Ecosyste.ms: Awesome

An open API service indexing awesome lists of open source software.

Awesome Lists | Featured Topics | Projects

https://github.com/okdp/jupyterlab-docker

okdp jupyterlab docker images
https://github.com/okdp/jupyterlab-docker

datascience docker jupyter jupyter-notebook jupyterhub jupyterlab k8s-spark python spark spark-kubernetes spark-python

Last synced: about 2 months ago
JSON representation

okdp jupyterlab docker images

Awesome Lists containing this project

README

        

# OKDP Jupyter Images

[![Build, test, tag, and push jupyter images](https://github.com/OKDP/jupyterlab-docker/actions/workflows/main.yml/badge.svg)](https://github.com/OKDP/jupyterlab-docker/actions/workflows/main.yml)

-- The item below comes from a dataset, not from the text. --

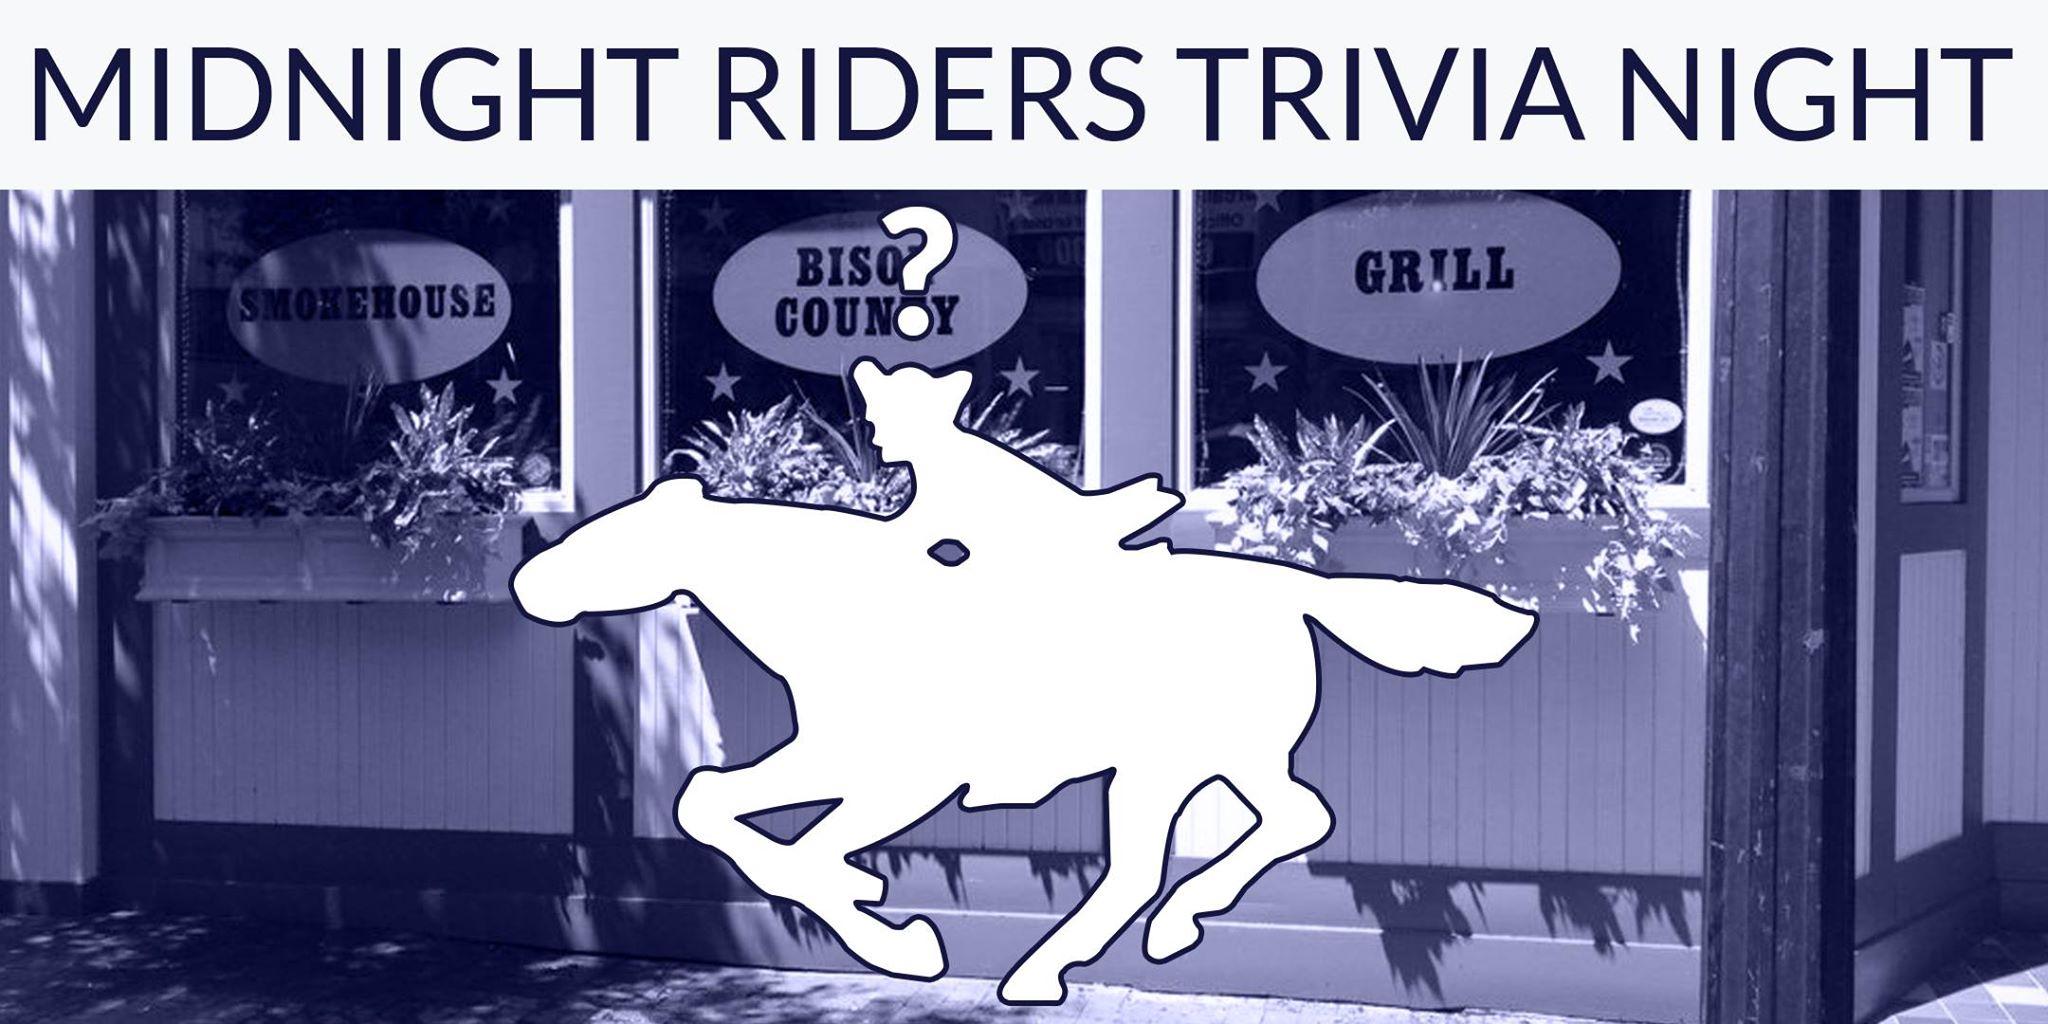 Bison County Trivia Night

OKDP jupyter docker images based on [jupyter docker-stacks](https://github.com/jupyter/docker-stacks) source dockerfiles. It includes (read only copy) [jupyter docker-stacks](https://github.com/jupyter/docker-stacks) repository as a [git-subtree](https://www.atlassian.com/git/tutorials/git-subtree) sub project.

The project leverages the features provided by [jupyter docker-stacks](https://github.com/jupyter/docker-stacks):
- Build from the original [source docker files](docker-stacks/images)
- Customize the images by using docker ```build-arg``` build arguments
- Run the original [tests](docker-stacks/tests) at every pipeline trigger

The project provides an up to date jupyter lab images especially for pyspark.

# Images build workflow
## Build/Test

The [ci](.github/workflows/ci.yml) build pipeline contains 6 main reusable workflows:

1. [build-base-images-template](.github/workflows/build-base-images-template.yml): docker-stacks-foundation, base-notebook, minimal-notebook, scipy-notebook
2. [build-datascience-images-template](.github/workflows/build-datascience-images-template.yml): r-notebook, julia-notebook, tensorflow-notebook, pytorch-notebook
3. [build-spark-images-template](.github/workflows/build-spark-images-template.yml): pyspark-notebook, all-spark-notebook
4. [publish](.github/workflows/publish.yml): push the built images to the container registry (main branch only)
5. [auto-rerun](.github/workflows/auto-rerun.yml): partially re-run jobs in case of failures (github runner issues/main branch only)
6. [ci](.github/workflows/ci.yml): run ci pipeline at every contribution

![build pipeline](doc/_images/build-pipeline.png)

The build is based on the [version compatibility matrix](.build/.versions.yml).

The [build-matrix](.build/.versions.yml#L42) section defines the components versions to build. It behaves like a filter of the parent [compatibility-matrix](.build/.versions.yml#L5) section to limit the versions combintations to build. The build process ensures only the compatible versions are built:

For example, the following build-matrix:

```yaml
build-matrix:
python_version: ['3.9', '3.10', '3.11']
spark_version: [3.2.4, 3.3.4, 3.4.2, 3.5.0]
java_version: [11, 17]
scala_version: [2.12]
```

Will build the following versions combinations in regards to [compatibility-matrix](.build/.versions.yml#5) section:
- spark3.3.4-python3.10-java17-scala2.12
- spark3.5.0-python3.11-java17-scala2.12
- spark3.4.2-python3.11-java17-scala2.12
- spark3.2.4-python3.9-java11-scala2.12

By default, if no filter is specified:

```yaml
build-matrix:
```

All compatible versions combinations are built.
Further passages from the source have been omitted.